Major QTL, rhg1 and Rhg4, were valuable resources for SCN resistance, but were frequently not durable, reflecting shifts in the SCN population that resulted in a loss of SCN resistance in major QTL [2]. Breeding soybean with durable resistance to SCN through the identification and utilization of novel QTL is an effective strategy to cope with the loss of SCN resistance [2]. One novel QTL on Chr10 (qSCN10) was identified in PI 567516C [4], which could confer high SCN resistance to soybean lacking the two known major genes, rhg1 and Rhg4. Additionally, four novel QTL (rs35898587 and rs36423980 on Chr7, rs16268025 on Chr8, and rs3853672 on Chr14) were also identified, which were significantly different from the major QTL reported in previous studies. Although the molecular mechanisms of the novel resistance loci were not clear, these loci possessed high potential to breed cultivars with durable resistance to SCN through the pyramid of the novel and previously reported QTL [7].
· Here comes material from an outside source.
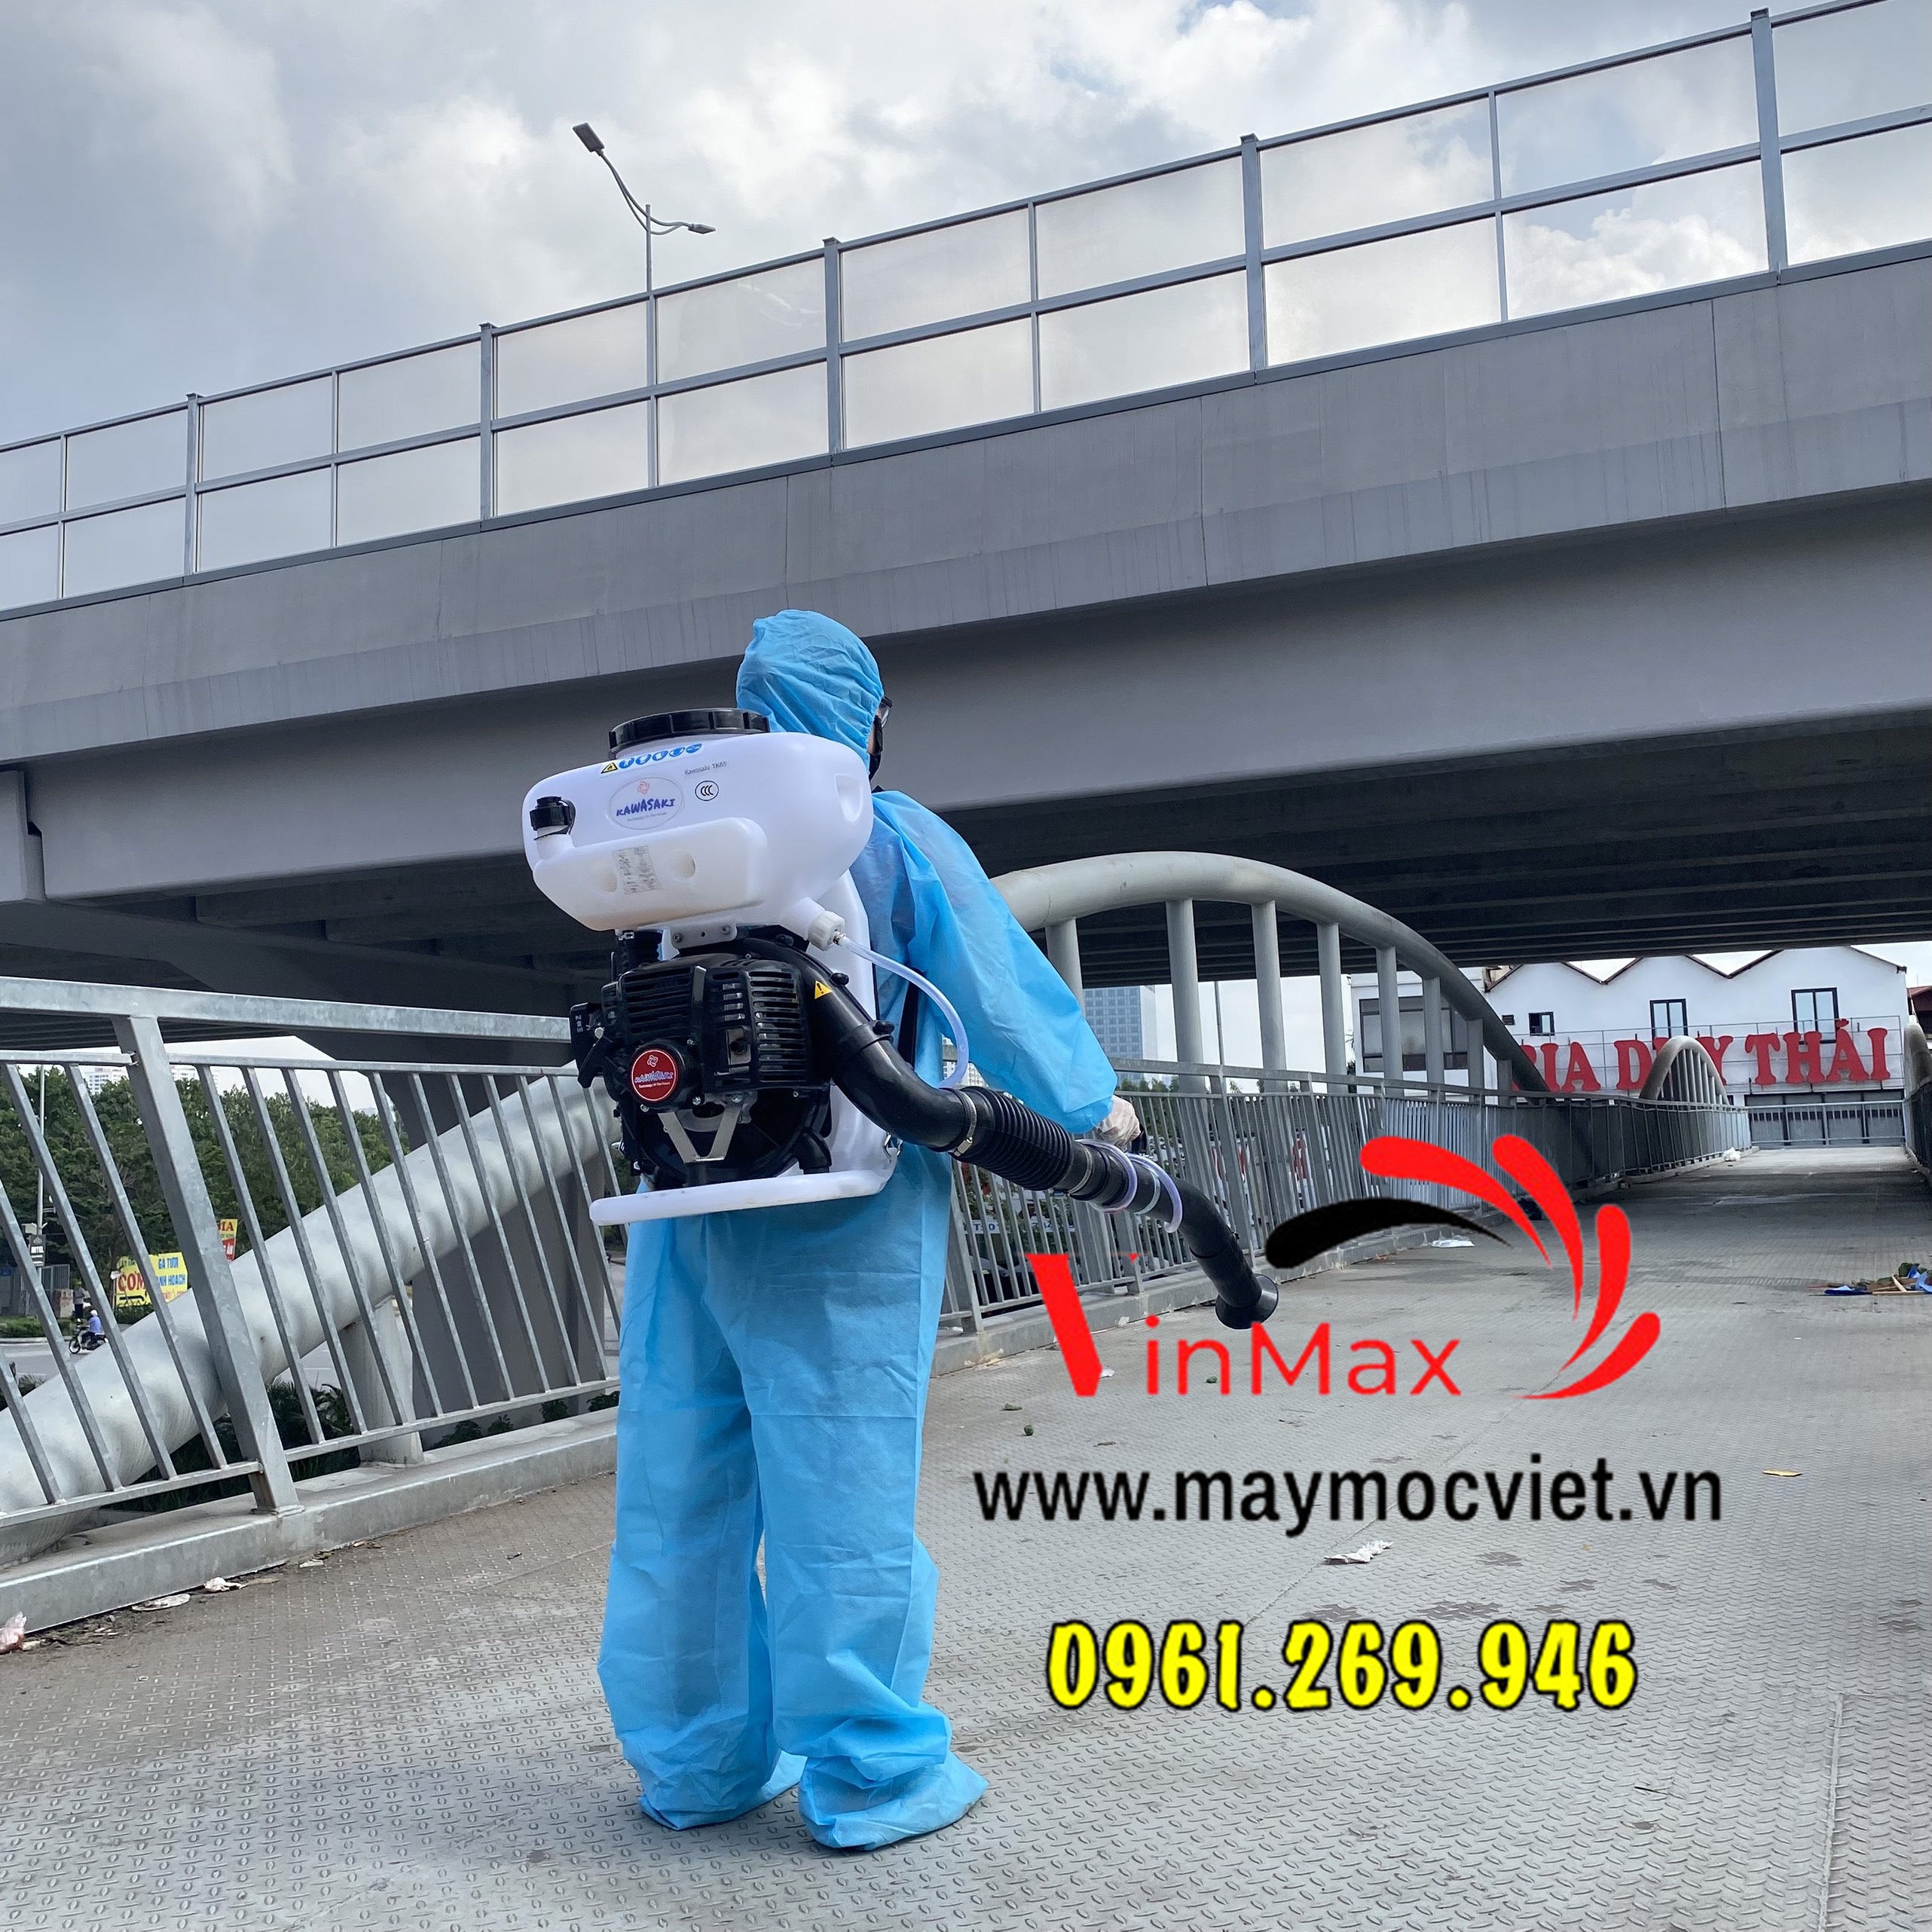 5 Máy phun muỗi đeo vai Kawasaki tk65 phun diệt côn trùng cho nhà xưởng, kho hàng,gia đình

Presently, for the molecular mechanism of SCN resistance genes, only two genes, rhg1 and Rhg4, were clearly associated with the molecular mechanism of SCN resistance [8, 10], and other candidate genes or QTL underlying SCN resistance were less investigated. Thus, it was difficult to predict and confirm the SCN candidates from large QTL intervals with a number of genes. However, GWAS could still offer some valuable clues to identify and confirm SCN resistance genes, particularly within a linkage disequilibrium (LD) block (150-200 kbp in length on average) [23, 44]. In the present study, a total of 196 potential candidate genes, located in 200 kbp flanking regions up- and downstream of thirteen peak SNPs, possessed the canonical SCN resistance domains (including cytochrome P450s, zinc fingers and RING) [23], which are involved in plant disease responses or plant disease resistance pathways. Among these candidate genes, six genes (Glyma.07G195400, Glyma.07G196000, Glyma.08G100100, Glyma.18G193200, Glyma.18G193300 and Glyma.18G193400) have been reported to be responsible for SCN resistance [23]. Furthermore, 15 novel genes (Glyma.07G190900, Glyma.07G191000, Glyma.07G191100, Glyma.07G191200, Glyma.07G191500, Glyma.07G195500, Glyma.08G099400, Glyma.08G099700, Glyma.08G100700, Glyma.08G100800, Glyma.08G200800, Glyma.08G201000, Glyma.08G201100, Glyma.14G048600, and Glyma.14G049500), located in 50 kbp flanking regions up- and downstream of peak SNPs, were associated with SCN HG Type 2.5.7 resistance in the present study. The clear function of these candidates should be discussed in future studies.

Conclusions

A total of sixteen novel soybean accessions were identified with significant resistance to HG Type 2.5.7. The multiple beneficial alleles and candidate genes from novel resistant germplasms might be valuable for the breeding of cultivars with long-lasting resistance to SCN.